In the presence of that throng, two older people stepped up to me and without introduction enveloped me in their arms. “Daniel! Daniel!” It was Uncle Wilbur and Aunt Barbara, two relatives I had known only as big, for I was then a child. Uncle Wilbur had been quiet, a farmer on a dairy down beyond Cochranville. At family reunions he was a gracious host, but never called attention to himself and never gushed over us. Aunt Barbara had always been the happy enthusiastic aunt in the kitchen, mother of three likable cousins, Anna Mary, Robert and Wilbur Junior.
Many years passed. Uncles and aunts and cousins stayed home when I left for college, then graduate school, professional life, and rearing my own family in another state.
In our conversation, I learned that Uncle Wilbur had been ordained a minister, something I just couldn’t imagine in a man quiet as he. But as a faithful Mennonite, he answered the call of his church. He was chosen by lot and served a congregation with integrity.
There was something about the way they greeted me, the wide open hug held close, the words “Daniel! Daniel!” that made me know, as for the first time, whom I belonged to.

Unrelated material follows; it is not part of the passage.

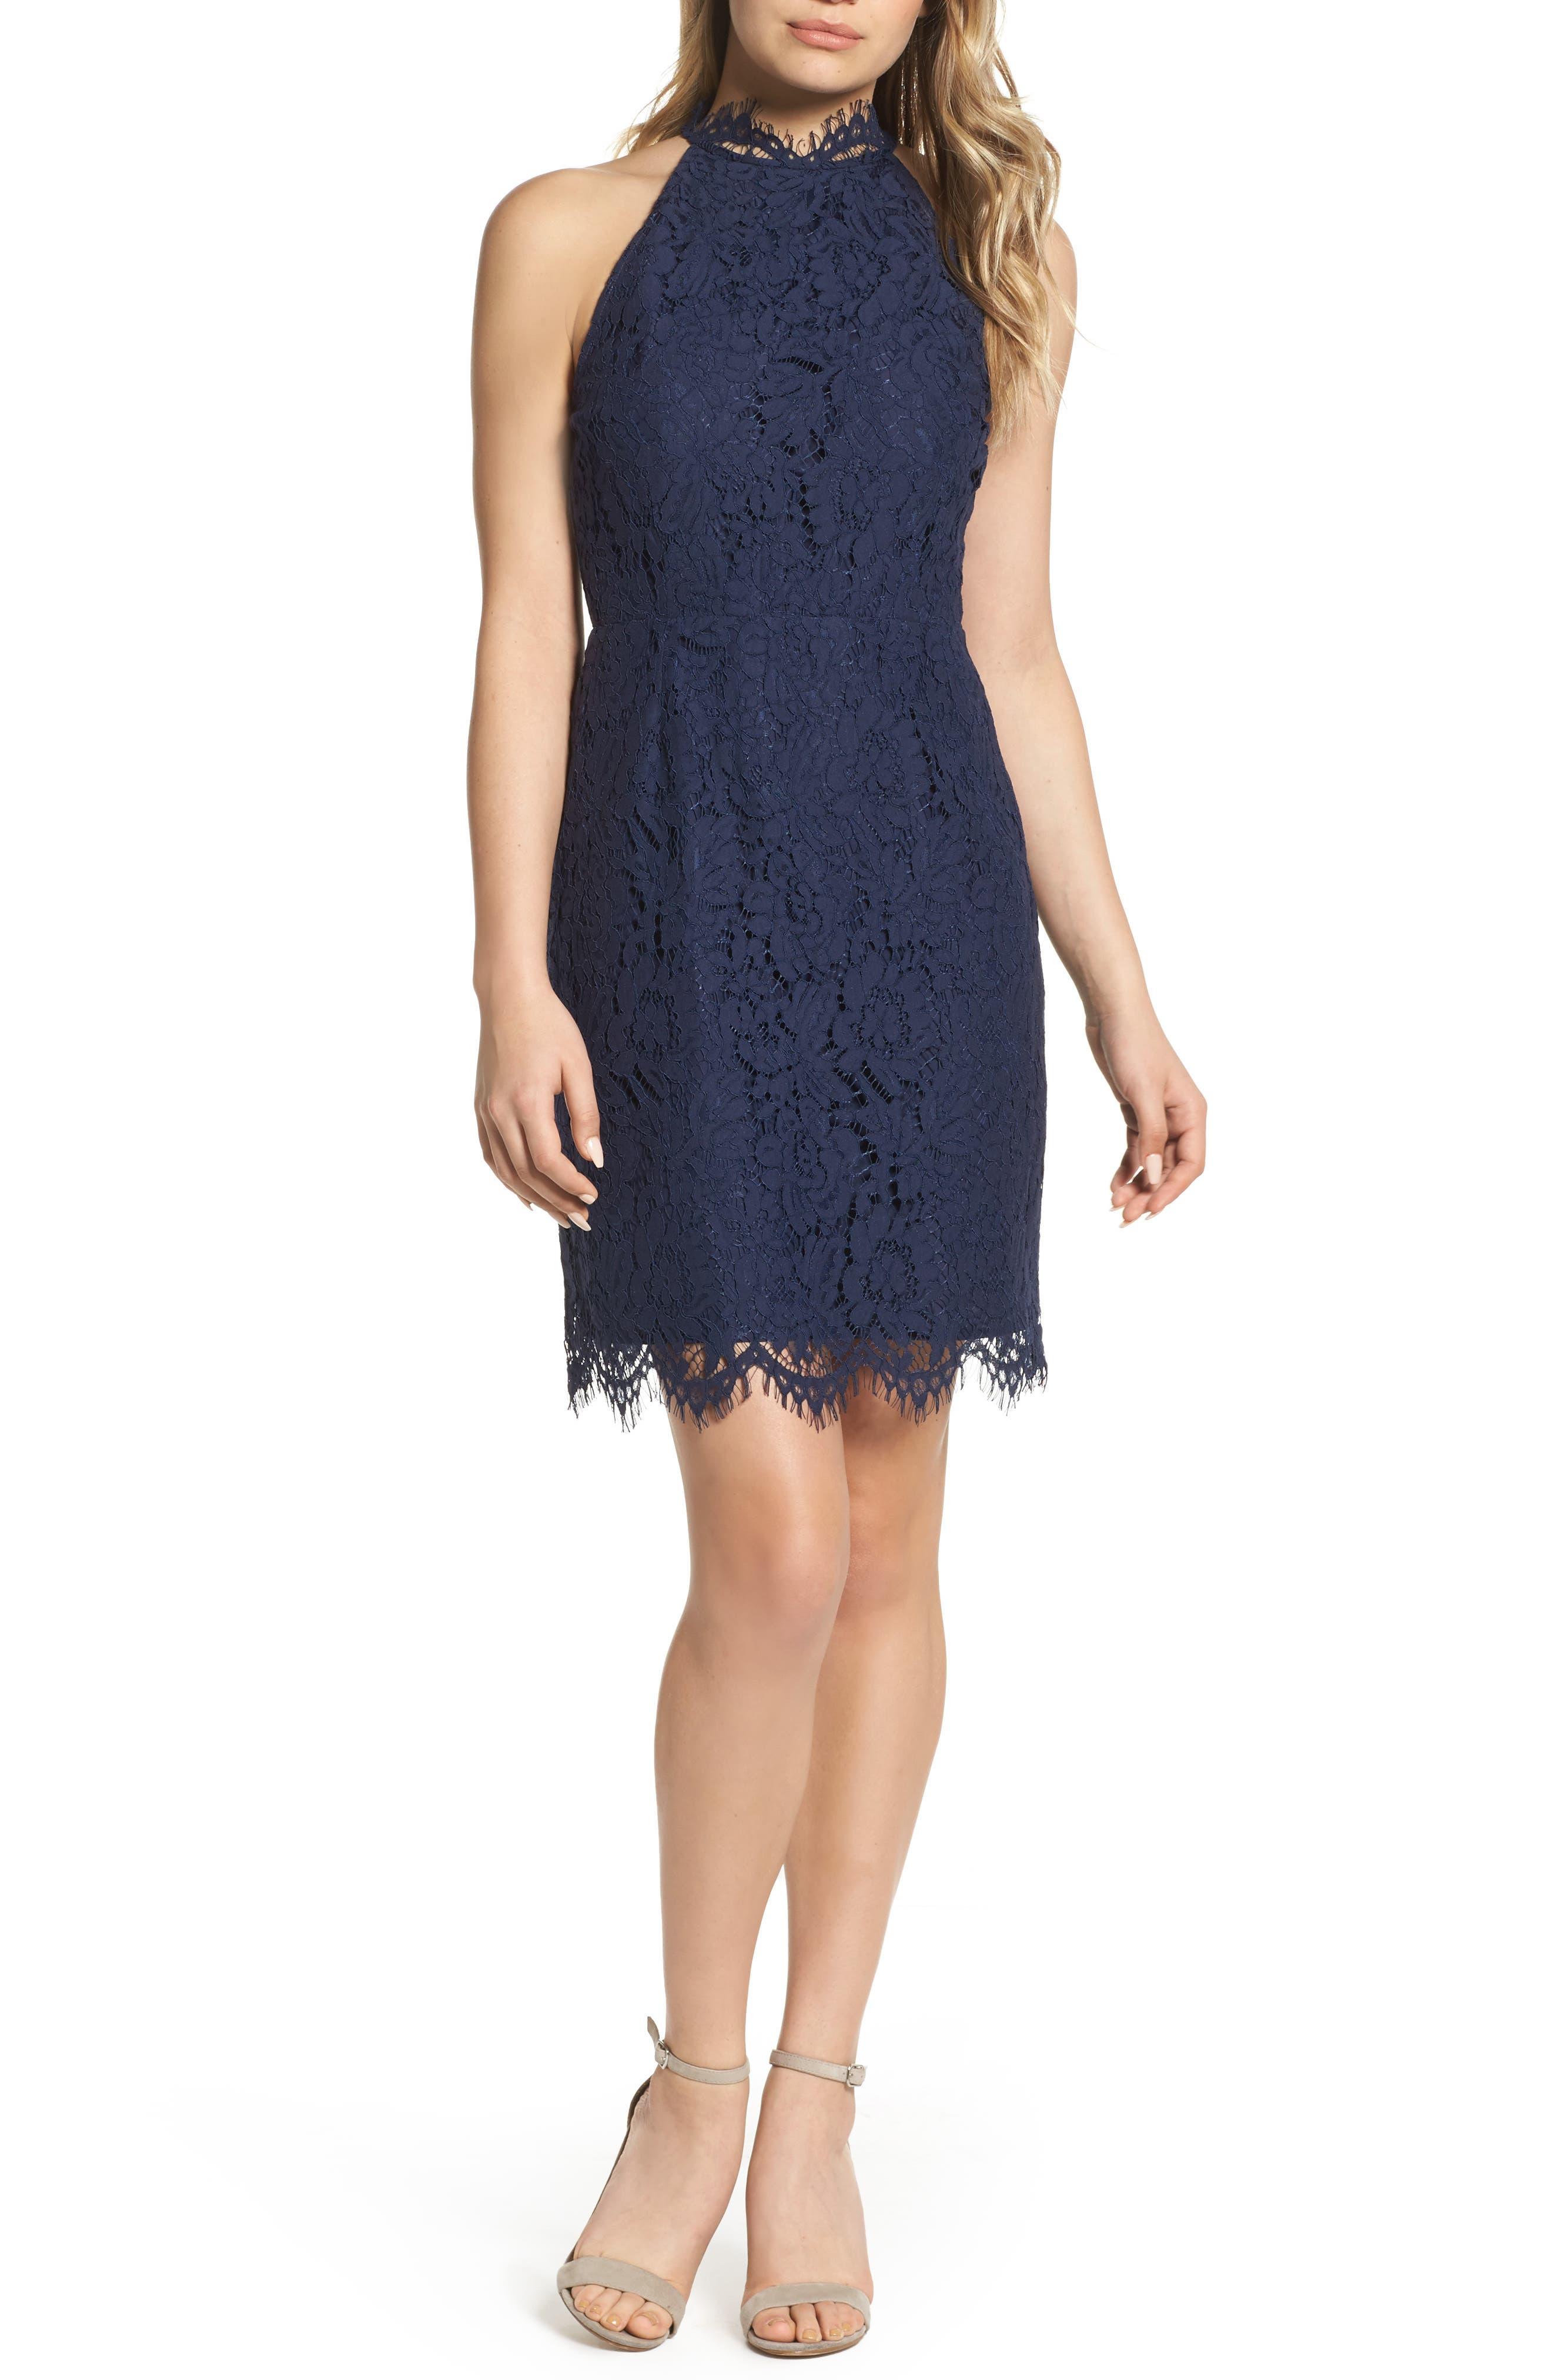 'Cara' High Neck Lace Dress,                             Main thumbnail 1, color,                             NAVY

Who I was, how I acted, what I believed had been molded by circumstances and people I myself had no part in choosing — that I had been born in Lancaster County Pennsylvania, part of an extended Mennonite family, in a farming community, in the year 1937. How can a person be so lucky?
I thought of a Barbra Streisand line, “People who need people are the luckiest people in the world.” And the title of a book by Harold S. Bender, “These are my people.”
Back home in the Midwest the week after the anniversary dinner as I tried to measure the meanings of my people, I got out paper and pen and wrote to Uncle Wilbur and Aunt Barbara. No Hallmark card could say what I meant. The note was not significant, yet it was a bit strange because I usually don’t write such notes. But I was compelled to thank Uncle Wilbur and Aunt Barbara for . . . . Actually I don’t recall my words.
Two weeks later, Mother phoned across the 600 miles to say that on Saturday, Uncle Wilbur was outside working, then came into the house, sat down, and died.
May God bless Uncle Wilbur and my family forever and ever.
I value Janzen’s book because it tells her story well with integrity and forthrightness, not only in interacting with her Mennonite home but also in her coming to accept her own role in a journey that crashed.
I am really intrigued to read this book. I read the NYT review too and thought it sounded promising. I also enjoyed your thoughts on the four groups & “home”!
Alison, I don’t know when I read a book that gave me so much ambivalence. I really like the memoir but am appalled by aspects. Perhaps in time I’ll be able to bring the extreme responses together.
Thanks Jonathon. Did you read my second blog about the book? I think it is December 1 or thereabouts. I have serious reservations about Janzen’s writing negative remarks about living people. At times her style seems flippant, even cavalier. If she wishes to use this book to honor her Mennonite community, then it would seem to me that she would also honor their regard for each other — a quality of Mennonite family and community quite important to me. I welcome your saying more.
Dan,
Thank you for responding to my comment. I won’t say more publicly, but I am glad to see that some see the negative ramifications when one writes about one’s family.